Affaire Lamine Diack : Les incroyables découvertes des juges

05 - Octobre - 2019

Le 13 janvier 2020, Lamine Diack sera jugé à Paris pour corruption passive et blanchiment de capitaux. Pourtant, l’ancien patron de l’Iaaf aura bataillé ferme pour éviter ce procès. Sa demande en annulation de la procédure rejetée par la Chambre d’instruction de Paris (l’équivalent de la Cour d’appel), Lamine Diack avait introduit un recours devant la Cour de cassation qui l’a débouté.
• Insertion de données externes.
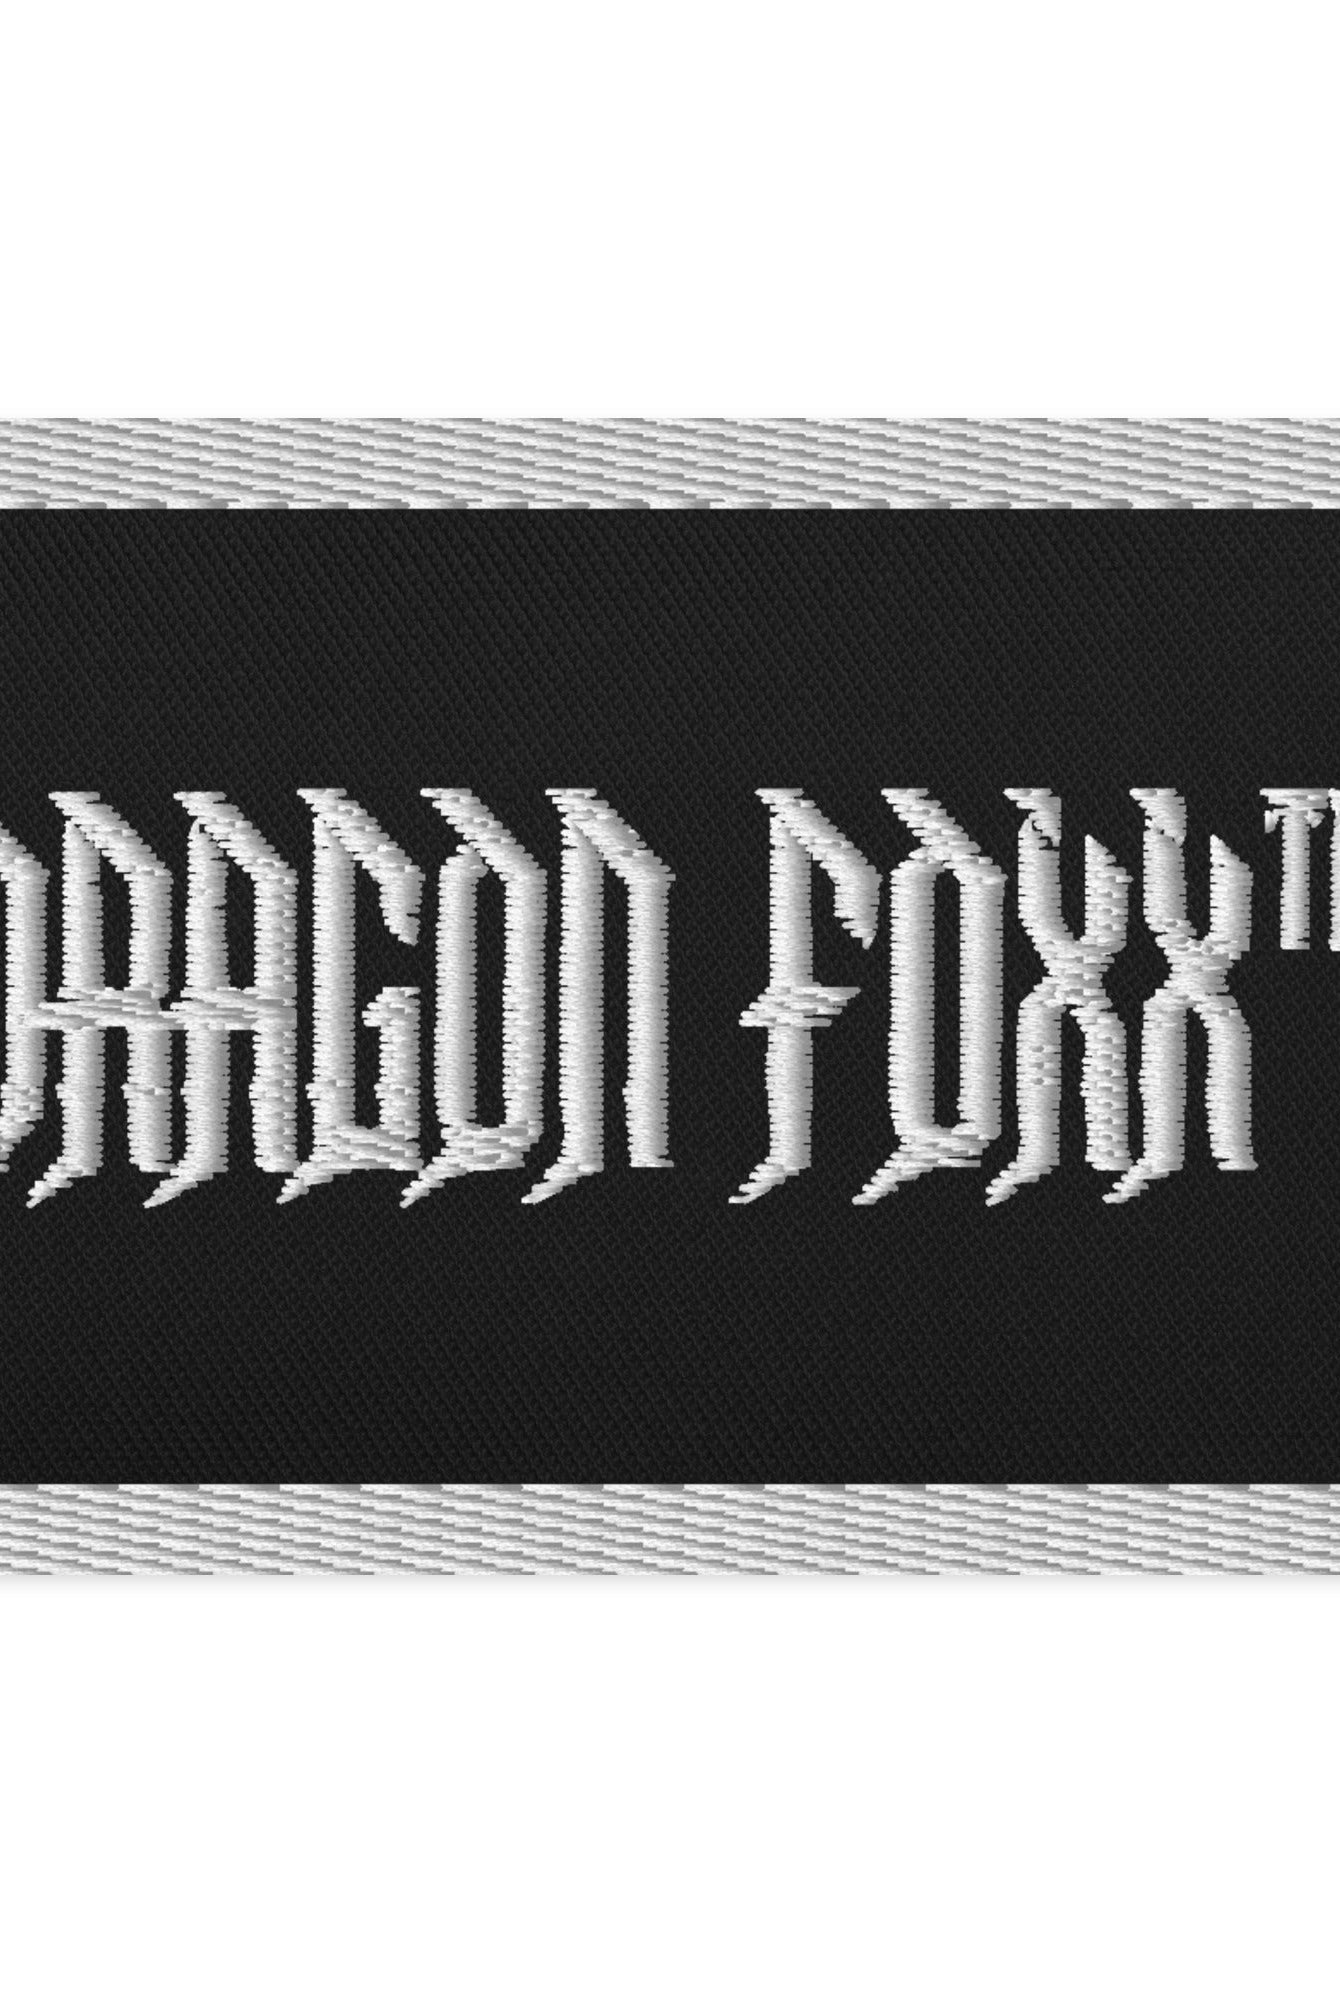 Dragon Foxx™ Embroidered Black Patch - Embroidered Patch - DRAGON FOXX™ - Dragon Foxx™ Embroidered Black Patch - 3932895_15563 - 3.5″×2.25″ - Black - 3.5″×2.25″ Patch - Black Patch - Dragon Foxx™
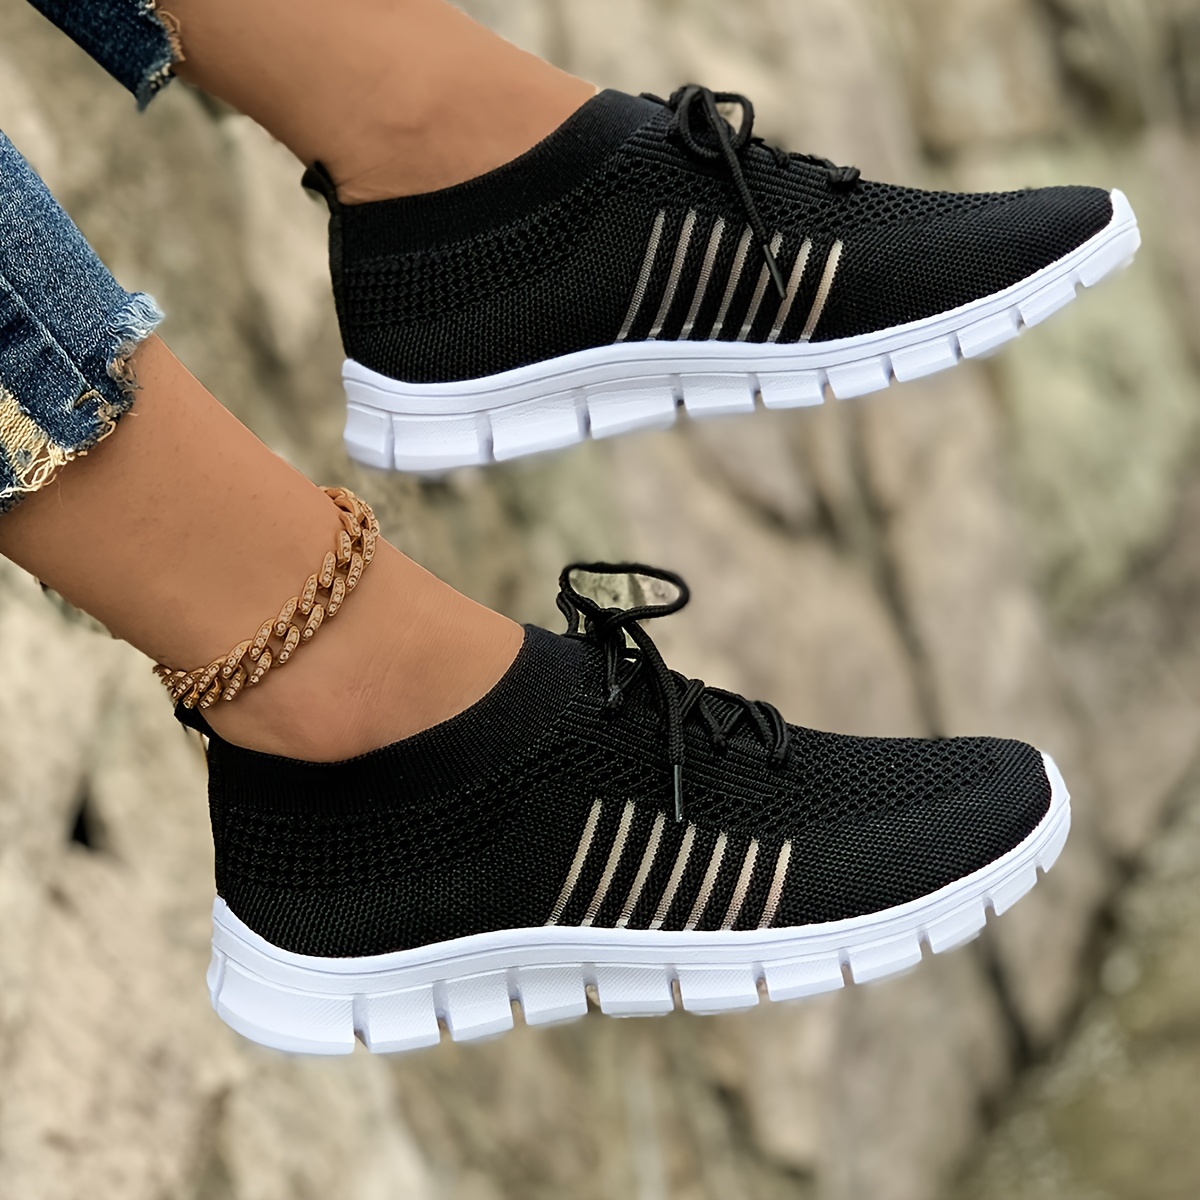 mesh sneakers women s knit lightweight breathable mesh lace details 8

L’arrêt rendu dans ce sens et que Libération a obtenu, en même temps que l’ordonnance de renvoi des magistrats en charge de l’instruction, met la lumière sur les découvertes des juges ayant renvoyé Lamine Diack et Cie en correctionnelle. De même que le rôle central dans cette affaire de Tracfin, le service anti-blanchiment de Bercy.

Le 13 janvier 2020, Lamine Diack, Habib Cissé (ancien conseiller juridique de l’Iaaf suspendu à vie) et Gabriel Dolé, ancien médecin- qui a opté pour le plaider-coupable d’après nos informations- , seront jugés à Paris pour corruption passive, complicité du même délit et blanchiment de capitaux. L’ancien patron de l’Iaaf, retenu en France depuis sa mise en examen ayant suivi son interpellation à l’hôtel Sheraton de Roissy, le 3 novembre 2016, aura tout fait pour éviter cette issue.

Selon les documents obtenus par nos soins, Lamine Diack avait demandé l’annulation de la procédure devant la Chambre d’instruction (équivalent de la Cour d’appel) de Paris. Mais l’instance d’appel avait opposé un niet catégorique à l’ancien président de l’Iaaf qui s’était alors retourné vers la Cour de cassation.

Révélations sur le bras de fer devant la Cour de cassation.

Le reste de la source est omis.